Schroder UK Absolute Target – this fund seeks to make money in all market conditions by taking long and short positions in UK equities. To remind you a long position is an active investment in a stock or index with an expectation its price will rise. A short position is a bet a stock or index will fall. This fund suffered a 4% loss in March and April  due to a sudden sell-off in mid-cap stocks the fund had long positions in. These performed extremely well in 2013. It seems investors decided to take profits and sold out of the mid-cap winners and bought into mega caps. It was a rotation from cyclical stocks to large cap value. Unfortunately Schroder were underweight here and were short on AstraZeneca, which rallied on the initial bid by Pfizer. Other fund managers in contrast pared back mid-cap holdings prior to the correction on the back of valuation concerns.

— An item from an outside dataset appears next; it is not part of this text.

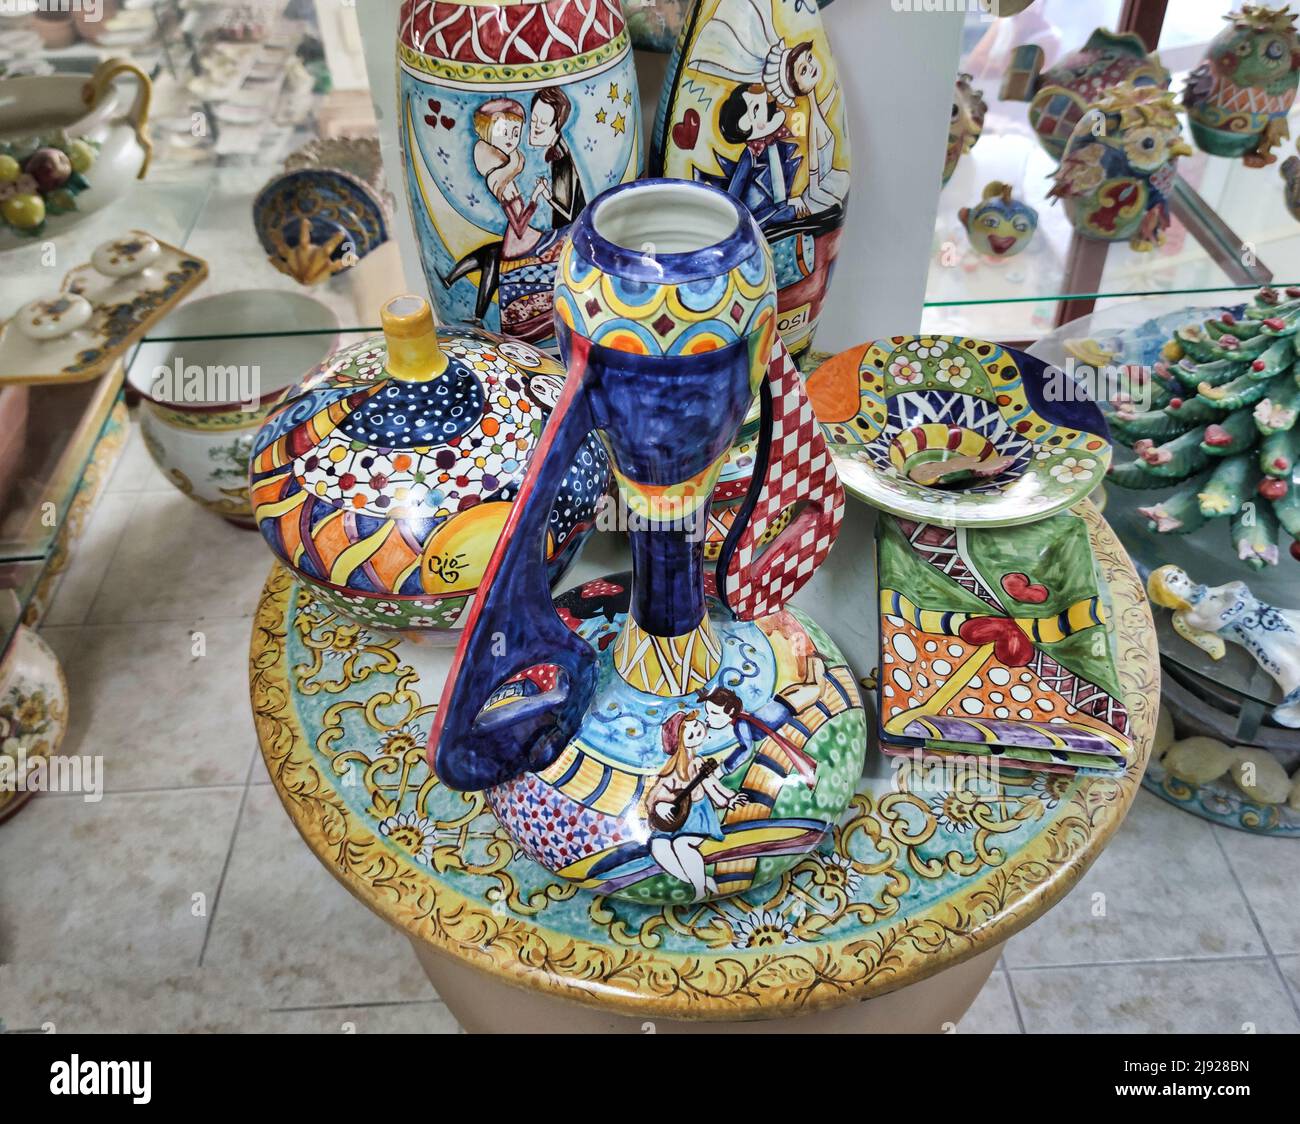 Céramiques célèbres produites sur la côte amalfitaine par des artisans qualifiés, Positano, Salerno, Campanie, Italie. Banque D'Images

Standard Life UK Equity Income Unconstrained – this has an excellent track record compared to its peers over one, three and five years. It adopts a contrarian investment strategy by looking for dividends across the market capitalisation spectrum, including smaller and medium sized companies. In contrast traditional equity income funds focus on solid dividend payers within the large and mega cap space. The focus down the scale has resulted in excellent returns for the Standard Life fund.

Old Mutual UK Alpha – Since 2006 banks have gone from aggressive growth stocks and solid dividend payers, to basket cases, some requiring life support and now to recovery stocks. Their balance sheet complexity put off professional investors given fears of hidden toxic debt and the wise principle of not investing in anything you do not understand. However some investors saw the recovery potential and value in selected over-sold stocks and invested early. Veteran fund manager of the Old Mutual UK Alpha, Richard Buxton was one who has benefitted from this contrarian stance. Interestingly the M&G Recovery has recently been underweight in financials which also hurt performance. This sector by the way is broader than banks and includes for example insurance companies and asset managers.


Market conditions and economic cycles play a key role in investment returns. It is not just asset allocating correctly to equities, fixed interest, cash or property, nor stock selection, although these are important. The best fund managers are likely to have a flexible and nimble investment style to take advantage of changing cycles and opportunities.

This blog is intended as general stock market commentary only, not advice to invest in the sectors or funds highlighted. You should seek individual advice before making investment decisions.